Data block ->

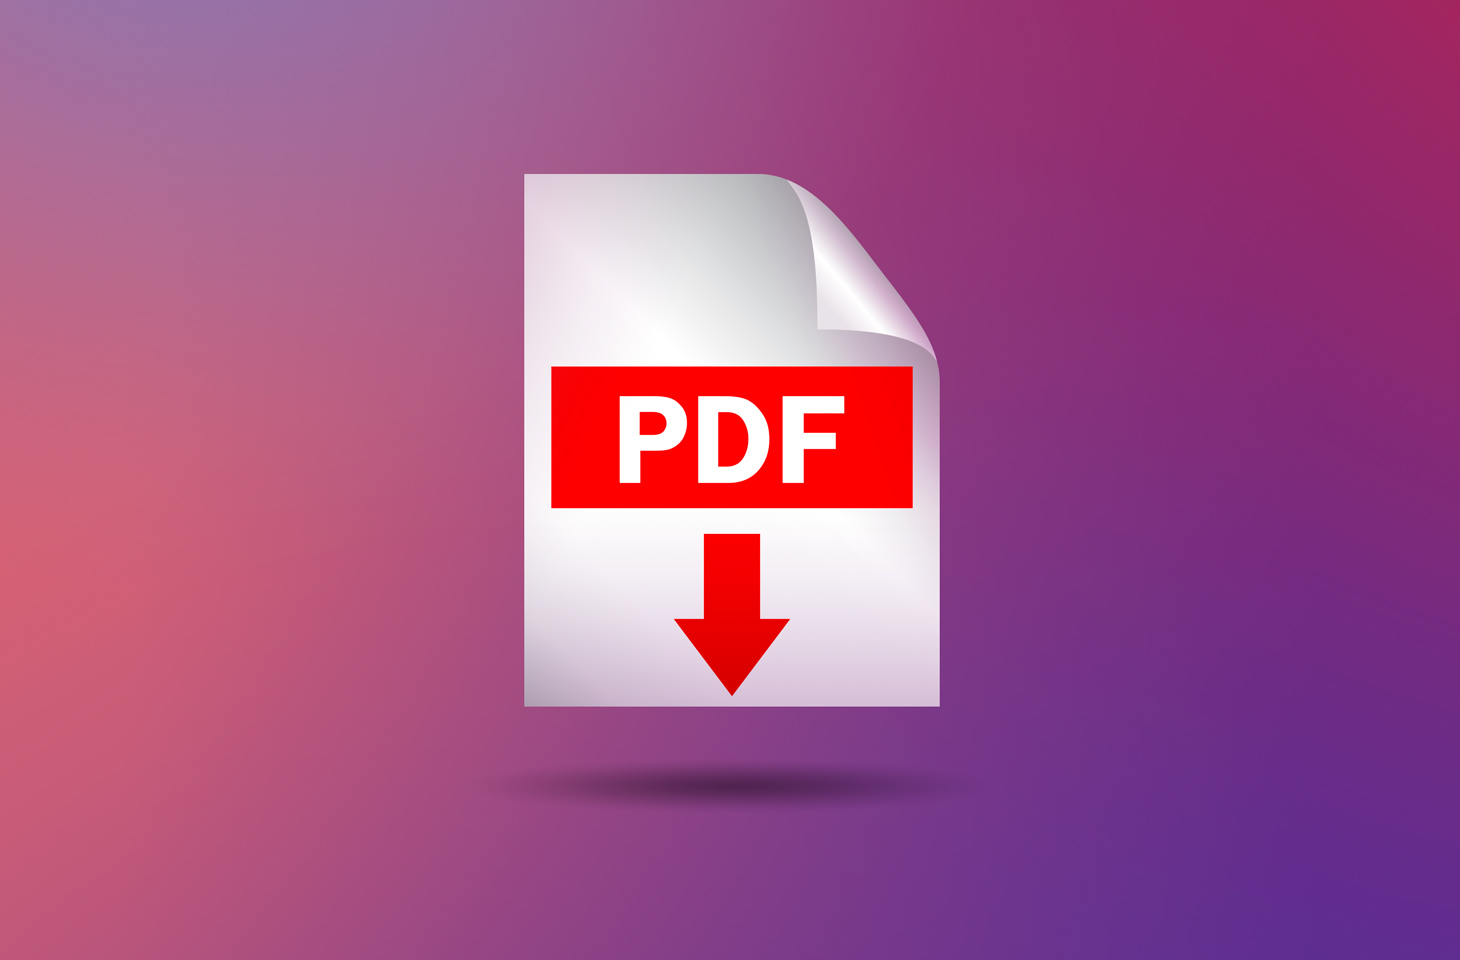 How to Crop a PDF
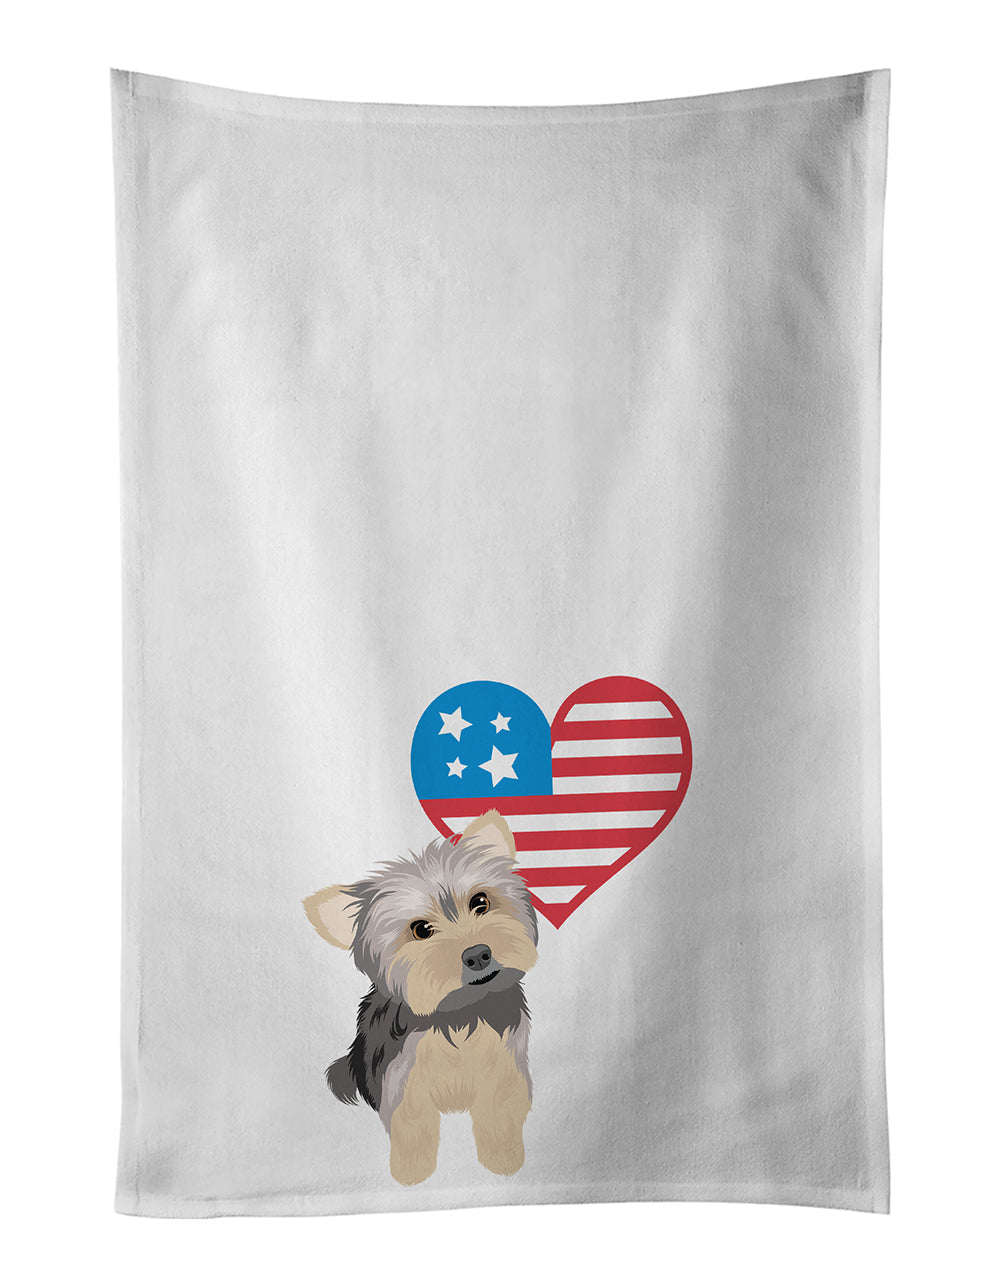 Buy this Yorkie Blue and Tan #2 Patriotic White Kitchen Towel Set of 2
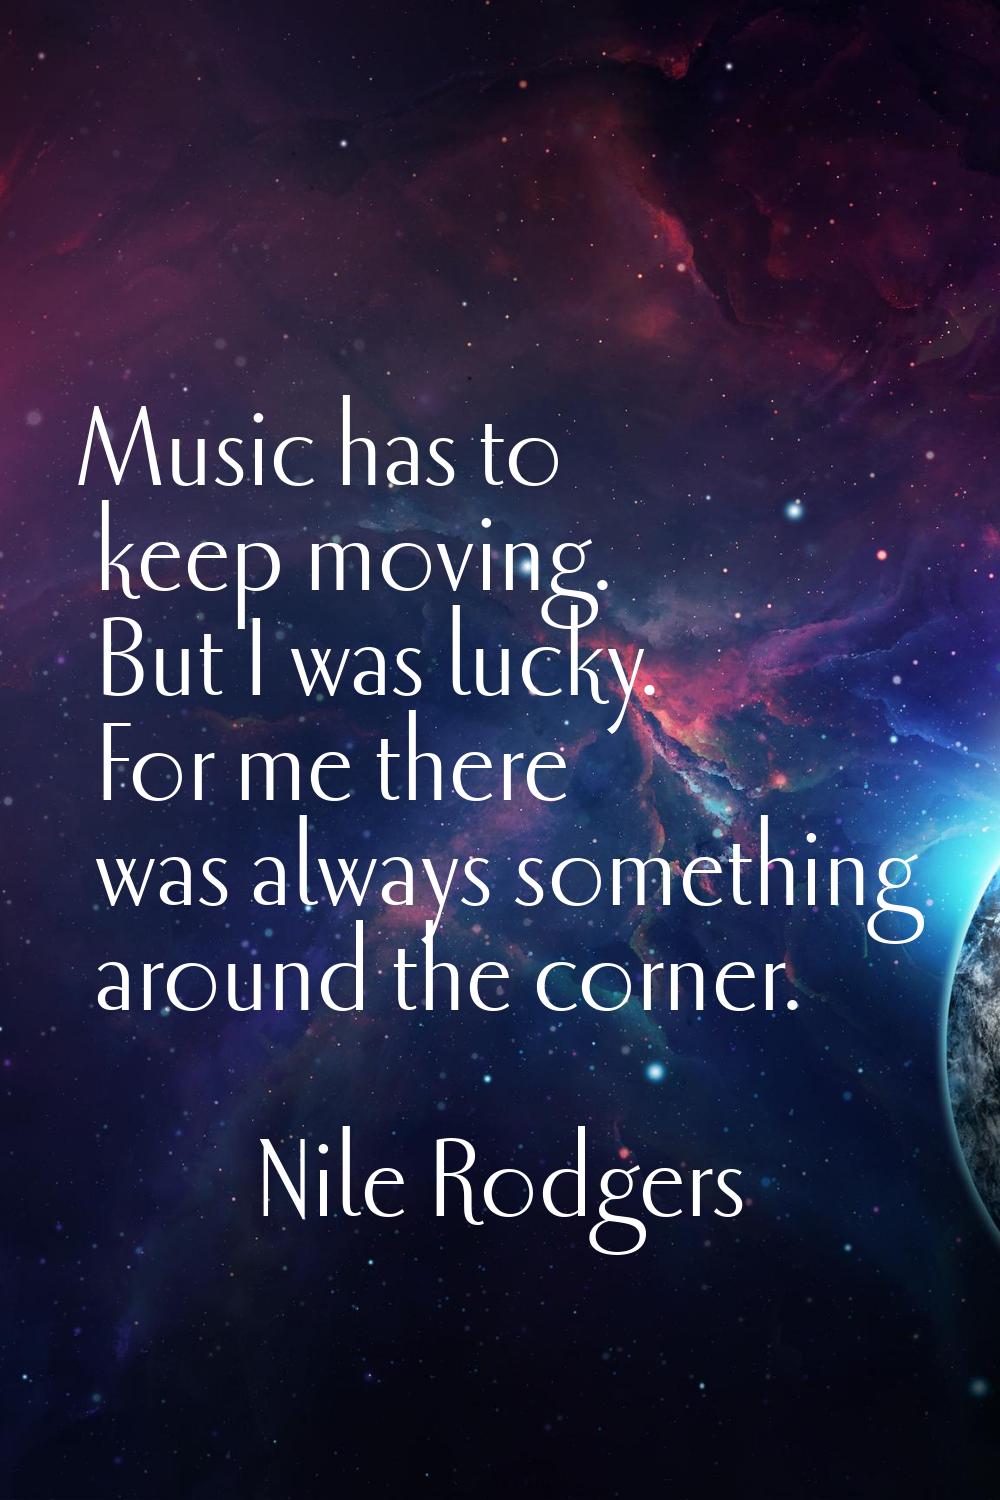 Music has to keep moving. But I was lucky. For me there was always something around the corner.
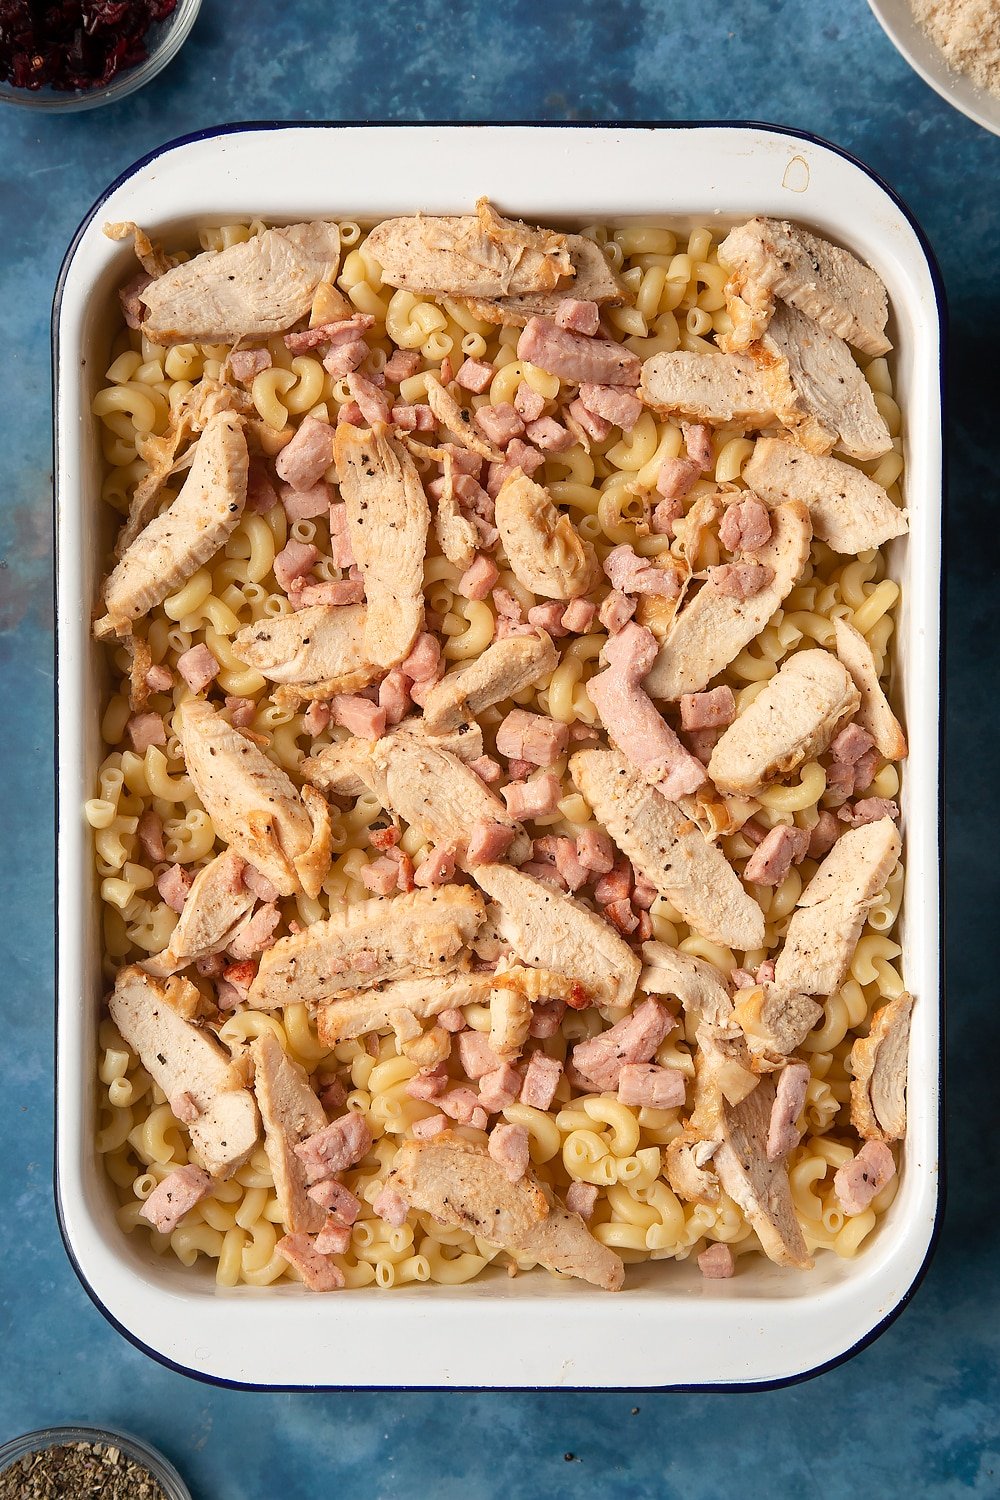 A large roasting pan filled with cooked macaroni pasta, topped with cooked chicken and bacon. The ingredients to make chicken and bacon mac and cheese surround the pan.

How to complete this task -> Set down the material exactly as given, but print none of the pictures.

Expected answer ->
 How to Crop a PDF
 Buy this Yorkie Blue and Tan #2 Patriotic White Kitchen Towel Set of 2
 Music has to keep moving. But I was lucky. For me there was always something around the corner.
 A large roasting pan filled with cooked macaroni pasta, topped with cooked chicken and bacon. The ingredients to make chicken and bacon mac and cheese surround the pan.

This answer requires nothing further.